Review: Artists Rep's Seven Guitars

Mujahid Abdul-Rashid as King Hedley. Photo by Owen Carey
Editor's Note: Artists Rep just added a show to the sold out run of Seven Guitars this Saturday at 2pm. Now's your chance to snatch up tickets if you missed it before.
Opening with a song of lament, Artist Rep’s production of August Wilson’s Seven Guitars has the slow burn of the blues, its tragedy mounting through its seven players’ rhythm and play, dreams and disappointments, joys turned sour, until it finds release in a kind of self-immolation. And like the blues, it aches to watch, but thanks to the talent of the cast’s actors and a script that finds grand themes in the quotidian flow, it’s a good ache, buoyed by enough hope and redemption to keep us afloat until the final tragedy rains down.

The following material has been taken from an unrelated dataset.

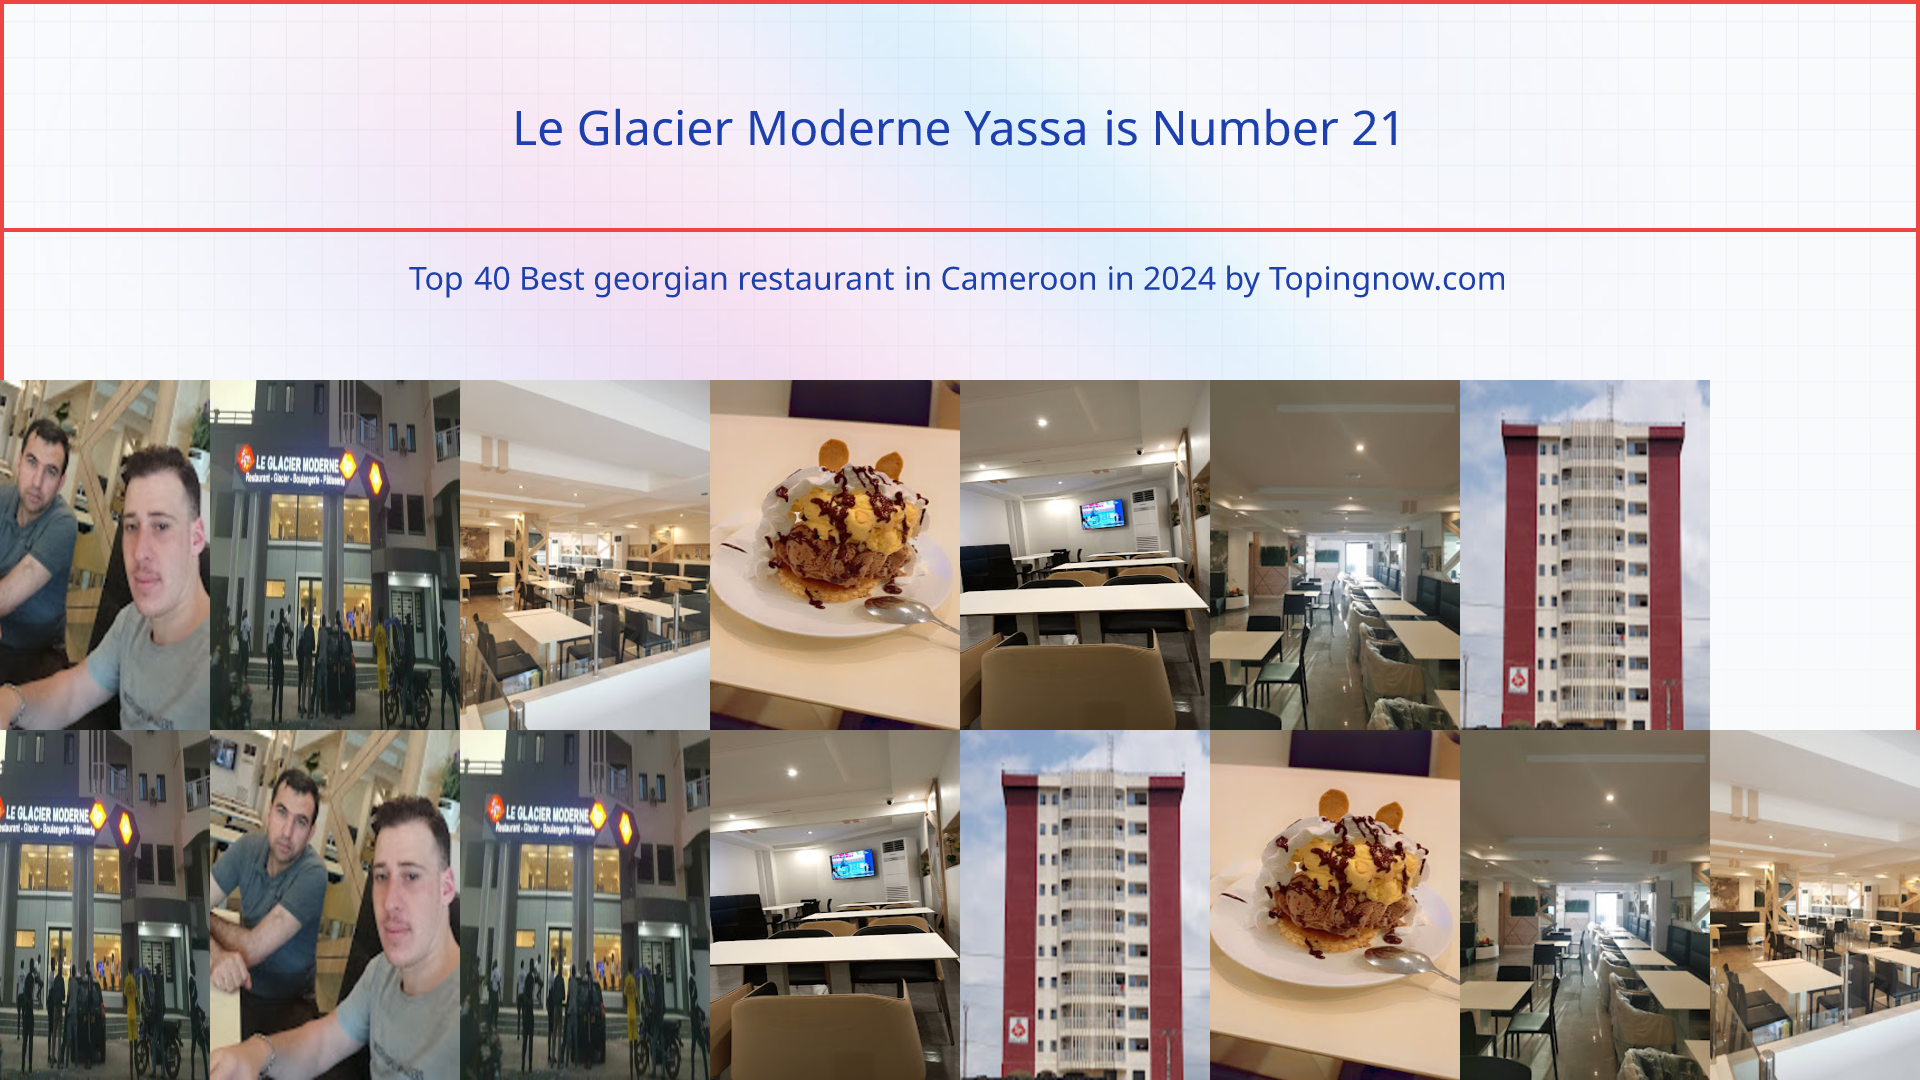 Le Glacier Moderne Yassa: Top 40 Best georgian restaurant in Cameroon in 2024

Seven Guitars, along with Profile Theatre’s Mastor Harold … And the Boys, kick off the ten-week August Wilson Red Door Festival, which only confirms that Portland has found its unofficial new bard in the unrivalled voice of the seminal black playwright. Over the past couple years, local audiences have been treated to three lauded productions by Portland Playhouse from Wilson’s Pittsburgh Cycle (or Century Cycle—two of which won Pulitzers), a series of ten plays set one per decade over the course of the 20th century in the poor, mostly black Hill District of Pittsburgh. Seven Guitars is our fourth show from the cycle, and Portland Playhouse will close out the Red Door fest with a fifth, King Hedley II, revisiting some of Guitars characters, in December
Set in 1948, Seven Guitars is the story of seven African-American friends struggling with a world stacked against them, a struggle bookended by a murder. The men have been thrown in jail for ‘worthlessness,’ the women battle just to pay for groceries, and even Floyd “Schoolboy” Barton, a blues singer with a hit record, has nothing to show for it but a pawn receipt for the electric guitar, the very talisman of his success, that he had to let go to pay his bills (a not uncommon experience for black jazz and blues musicians, whose profits often went to their white managers and record execs throughout most of the century). They are filled with triumphant dreams, particularly Barton, but every time they get a foot up, they are cut back down by a society rooted in racism and exploitation.
Certainly, rich humor and small joys lift their days—Brown Bomber Joe Louis’s triumph over the white boxer Billy Conn, the camaraderie of making music—but the emotionally taut play is fueled by foreshadowing, tension, and the mounting realization, with each dog’s bark and flash of weapon, that tragedy is coming. The only question is, will it come from outside, or from within
Like the local Wilson productions before it, the ensemble cast under Kevin Jones’s direction is exceptional. Gayle Samuels as landlady Louise is steely and sassy, her frustrated comic tirade at one point stealing the show. Even beaten down and heartbroken, Ramona Lisa Alexander, who won a Drammy for her performance in the Brother/Sister Plays last season, shines like sun through clouds as Vera, giving another emotionally radiant performance. But the standout for me has to be Mujahid Abdul-Rashid, who gives the show’s most ferocious portrayal as the unstable prophet of sorts, King Hedley. Embodying all the burning anger of a violently oppressed minority, he walks the machete’s edge between dignity and rage, gravitas and simplicity, prophecy and insanity—fitting for a character named for the legendary ragtime cornetist King Buddy Bolden who ended up incapacitated by schizophrenia.
At three hours, the play feels long at times. Lacking some of the focus of Wilson’s other work, its verses meander some through the lives of our seven characters, leaving us a little worn out for when tragedy finally hits. But Wilson’s love for his characters is clear, and it’s hard to begrudge time spent with them.
Though Portland is a long way from Pittsburgh demographically and historically, the lives and themes that make the cycle sing so profoundly were just as present in Portland—the program gives a history of Vanport as Oregon’s own Hill District—and, in fact, it’s their relative invisibility that gives the cycle such relevance for local audiences today.
Seven Guitars plays through November 11 at Artists Repertory Theatre.